- _WHAT TO WORK ON_
Every line in the data below has to be repeated exactly; no picture belongs in the result.

- _COLLECTED MATERIAL_
+++++

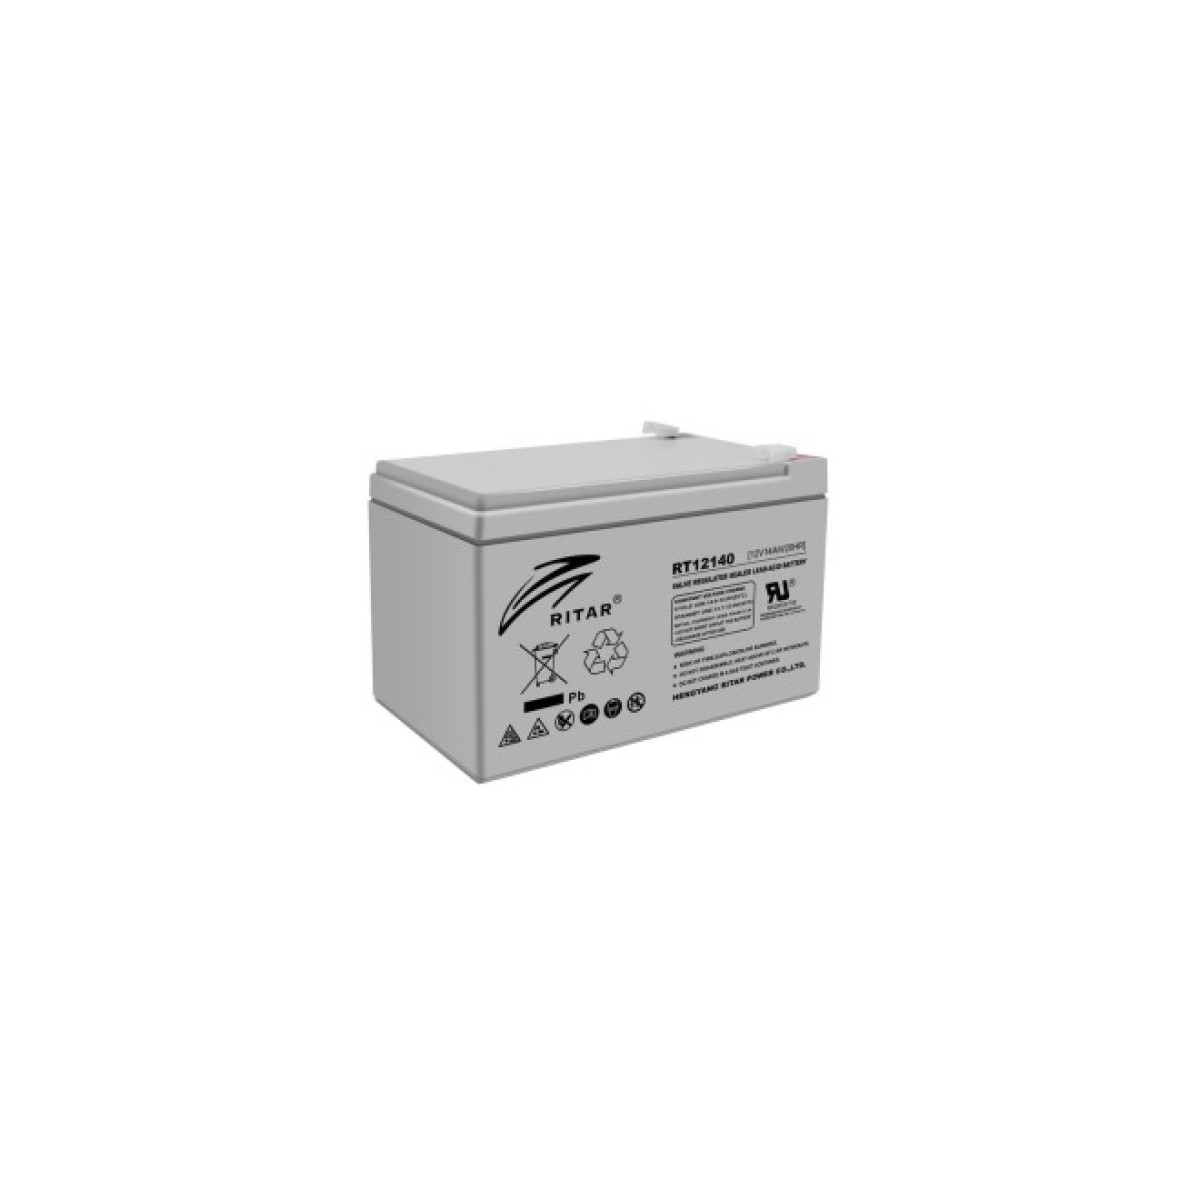 Батарея к ИБП Ritar AGM RT12140, 12V-14Ah (RT12140H) 256_256.jpg
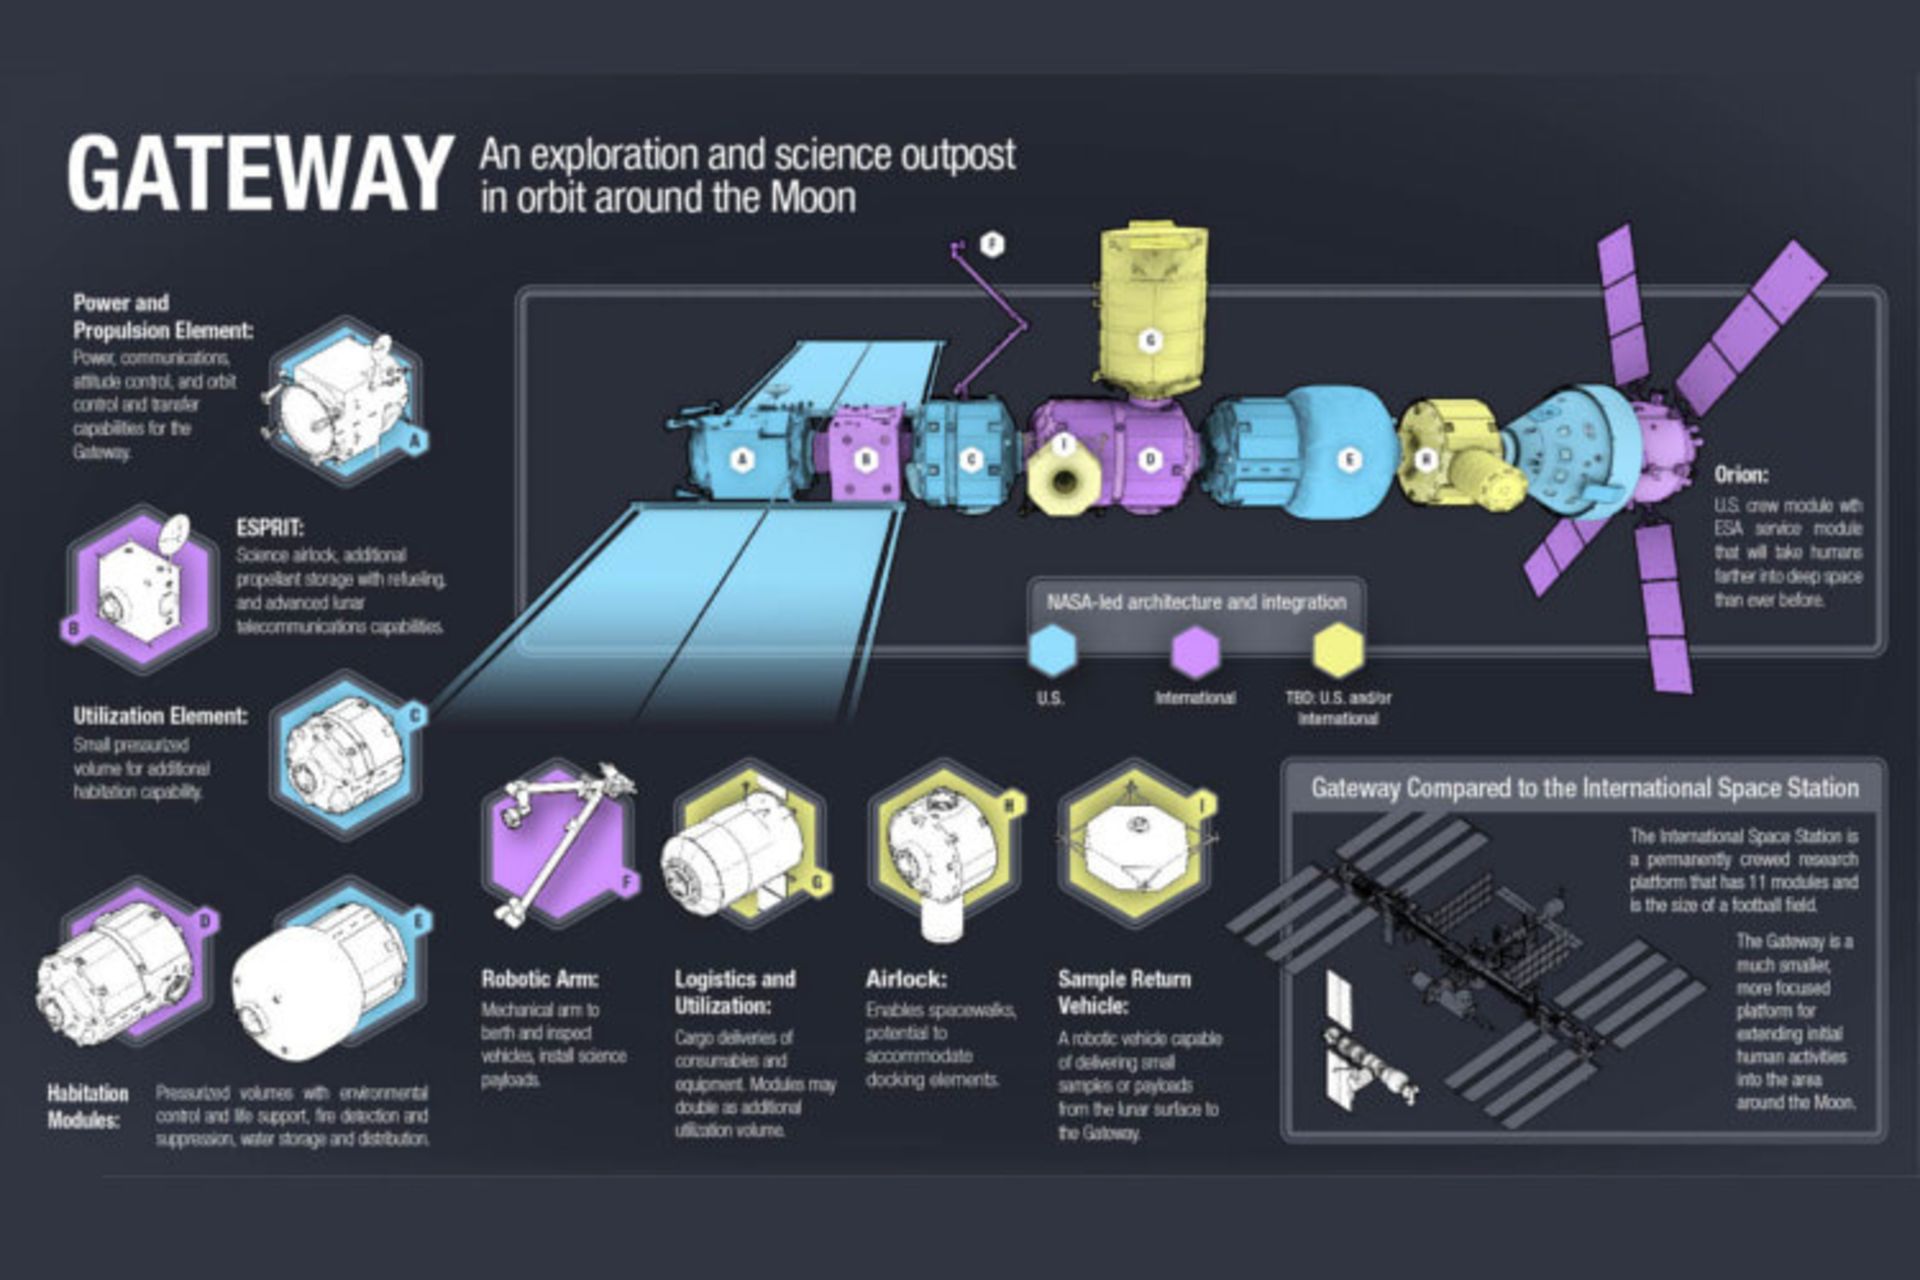  Lunar Orbital Platform-Gateway
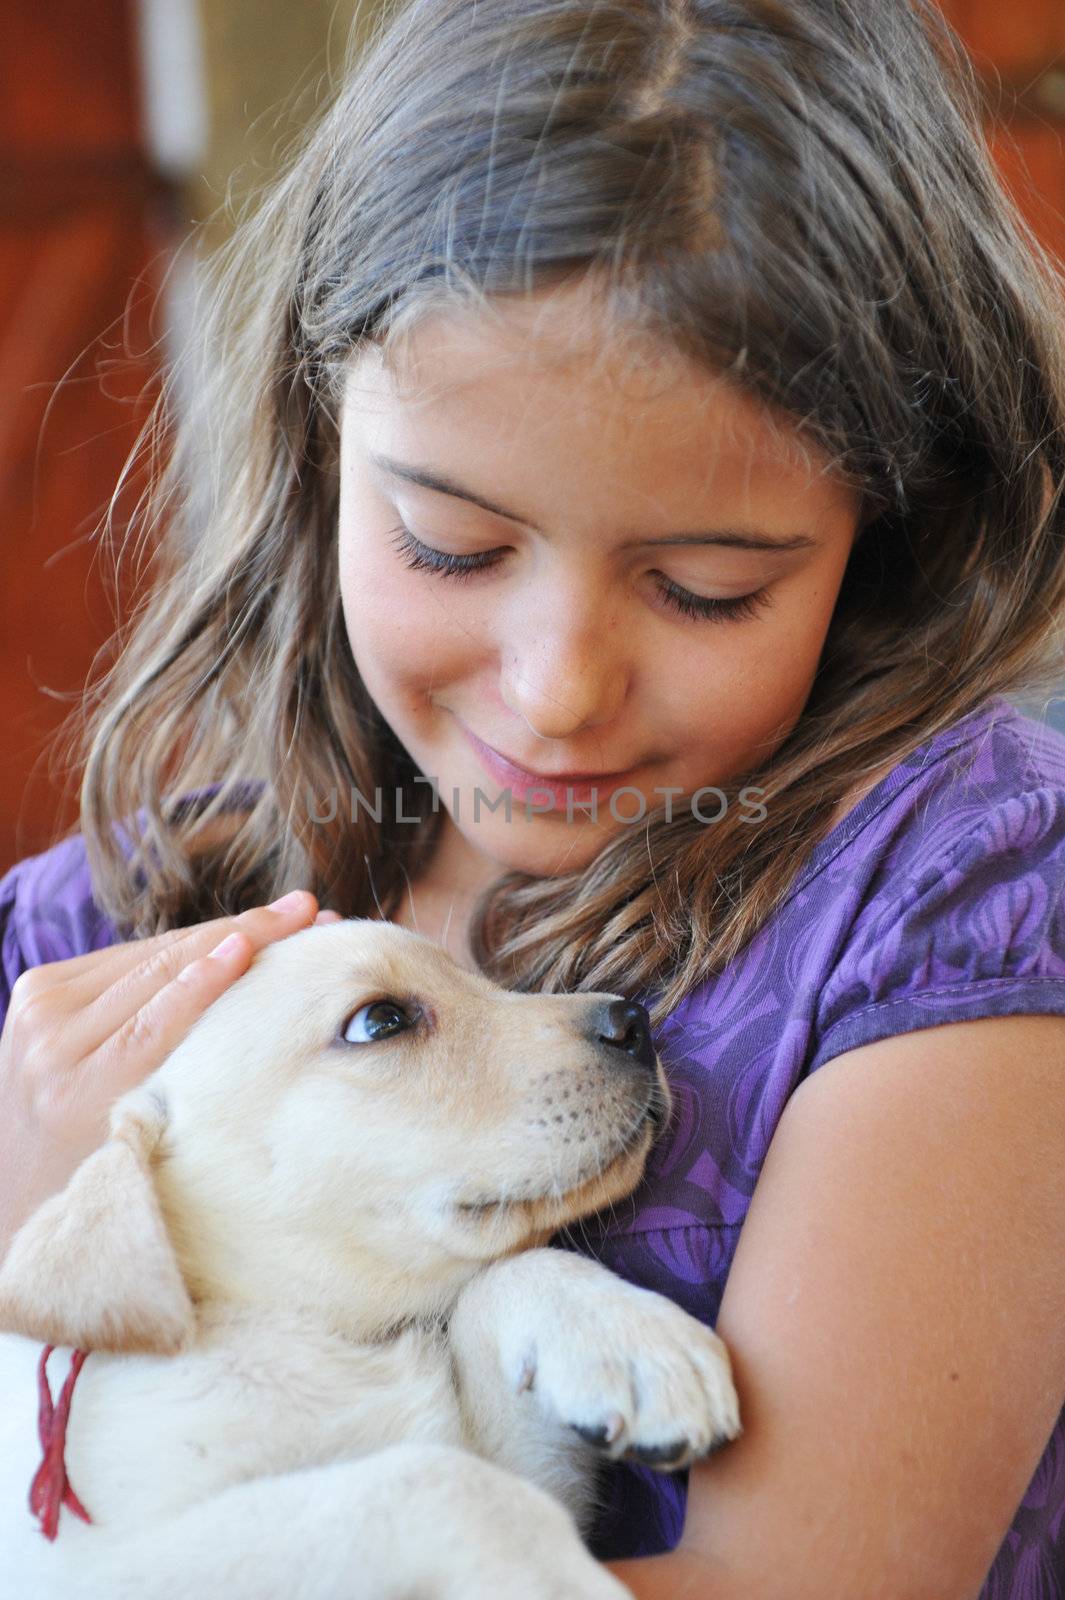 puppy labrador retriever and little girl by cynoclub

+++++

- _RESULT BELOW_
 Батарея к ИБП Ritar AGM RT12140, 12V-14Ah (RT12140H) 256_256.jpg
  Lunar Orbital Platform-Gateway
 puppy labrador retriever and little girl by cynoclub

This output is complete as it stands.